Fortunately, few drugs were lost. The metal shelving had protected packs from a direct soaking. This was still in the days when tablets were delivered in bulk and, although the cardboard outers were wet, the plastic or glass bottles protected the contents. The intravenous fluid cartons were all soaked, but the bags within them were useable.

The news from the ground floor was not so good: artificial hip joints valued at £35,000 were to be written off.

The cause had been my request to turn off the labour ward heating. A constant supply of convected warmth had kept the unlagged water pipes in the roof space from freezing. Shutting off the heat, coupled with the extreme conditions, had allowed the water to freeze and expand, thereby springing the joints. A thaw, combined with substantial water pressure, had resulted in the flood.

It would seem that chief pharmacists need also to be heating engineers and think about the hidden dangers in Victorian buildings.

Ian Bell
Stockton-on-Tees, Cleveland


Never volunteer!

In 1943 I was a private in the Royal Army Medical Corps and working in the medical stores at the Cambridge Hospital in Aldershot.

One day a request came from the dispensary for a supply of gentian violet pills, not a standard medication. Filled with zeal I said that I was prepared to make them. A little research showed that these would have to be enteric coated.

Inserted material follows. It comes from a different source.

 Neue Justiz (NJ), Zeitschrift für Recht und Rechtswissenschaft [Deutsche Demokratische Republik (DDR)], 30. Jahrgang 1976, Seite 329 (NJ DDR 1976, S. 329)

No problem for a newly qualified pharmacist who remembered that the method was to coat the pills in a gelatin solution and then immerse them in formaldehyde solution for 10 minutes.

And so to work. A pill mass was made, rolled out on a pill machine, causing some violet stained fingers on the way. They were rounded, impaled on pins and dipped in a gelatine solution and laid out on a wire gauze to dry. Then the last step — to take them off the pins and immerse them in the formaldehyde solution. But what is happening? The solution is turning violet, and a crestfallen pharmacist realises that he has forgotten to put a dab of gelatine solution where the pin had stuck in the pill.

A second batch was prepared satisfactorily. Whether or not they were effective I never found out, but I learnt a useful lesson in preparing enteric coated pills — and also never to volunteer for anything.